# Codeforces 862 C. Mahmoud and Ehab and the xor （技巧）

## Description

Mahmoud and Ehab are on the third stage of their adventures now. As you know, Dr. Evil likes sets. This time he won’t show them any set from his large collection, but will ask them to create a new set to replenish his beautiful collection of sets.

Dr. Evil has his favorite evil integer x. He asks Mahmoud and Ehab to find a set of n distinct non-negative integers such the bitwise-xor sum of the integers in it is exactly x. Dr. Evil doesn’t like big numbers, so any number in the set shouldn’t be greater than 10^6.

## Input

The only line contains two integers n and x (1 ≤ n ≤ 10^5, 0 ≤ x ≤ 10^5) — the number of elements in the set and the desired bitwise-xor, respectively.

## Output

If there is no such set, print “NO” (without quotes).

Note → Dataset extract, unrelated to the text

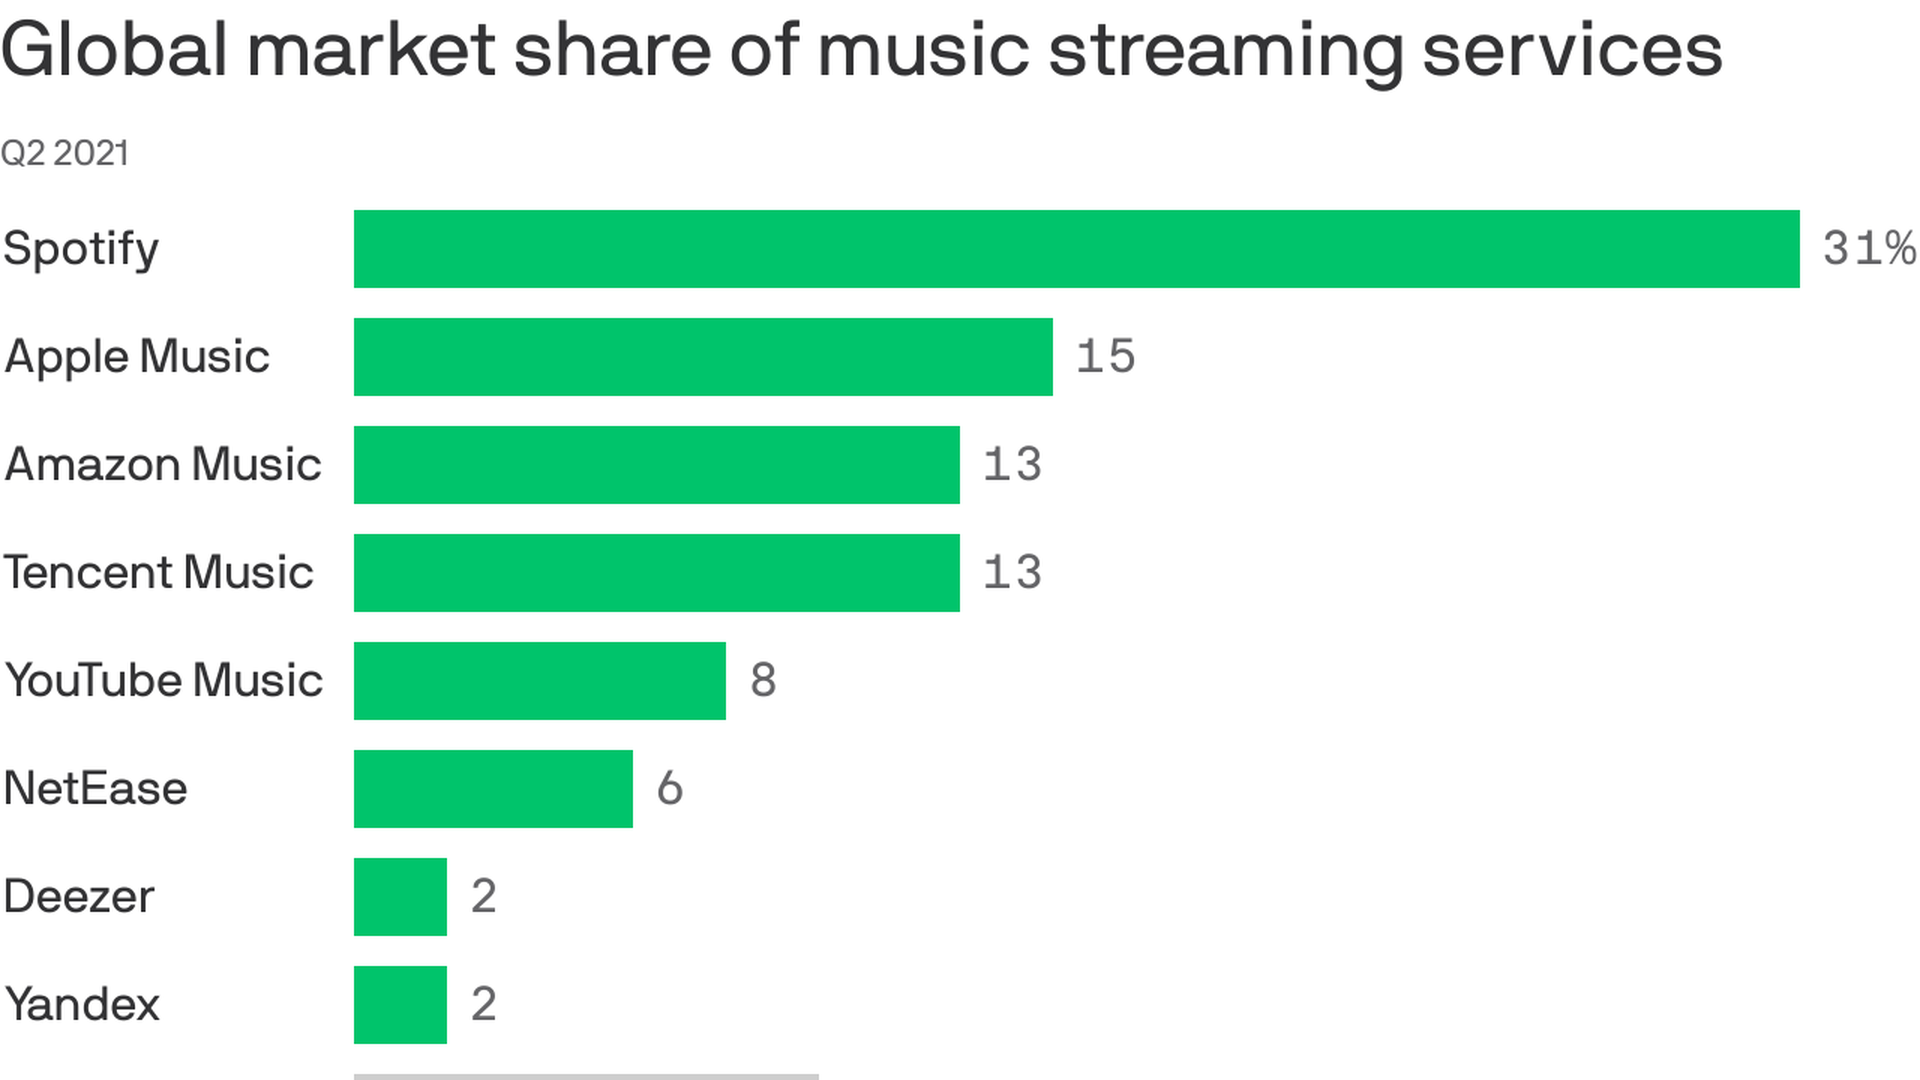 Music subscriber market shares Q2 2021

Otherwise, on the first line print “YES” (without quotes) and on the second line print n distinct integers, denoting the elements in the set is any order. If there are multiple solutions you can print any of them.

## Examples input

5 5


## Examples output

YES
1 2 4 5 7


## AC 代码

#include <bits/stdc++.h>
using namespace std;
#define IO                       \
ios::sync_with_stdio(false); \
cin.tie(0);
typedef __int64 LL;
const int maxn = 1e5 + 10;
const int pr = 1 << 17;
int n, k;

void solve()
{
if (n < 3)
{
if (n == 1)
{
cout << k << endl;
}
else
{
cout << 0 << " " << k << endl;
}
return;
}
vector<int> ans;
LL cnt = 0;
for (int i = 1; i <= n - 3; i++)
{
cnt ^= i;
ans.push_back(i);
}
if (cnt == k)
{
ans.push_back(pr);
ans.push_back(pr << 1);
ans.push_back(pr ^ (pr << 1));
}
else
{
ans.push_back(0);
ans.push_back(pr);
ans.push_back(pr ^ k ^ cnt);
}
sort(ans.begin(), ans.end());
int len = ans.size();
for (int i = 0; i < len; i++)
{
cout << ans[i] << (i != len - 1 ? " " : "\n");
}
}

int main()
{
IO;
cin >> n >> k;
if (n == 2 && k == 0)
cout << "NO" << endl;
else
{
cout << "YES" << endl;
solve();
}
return 0;
}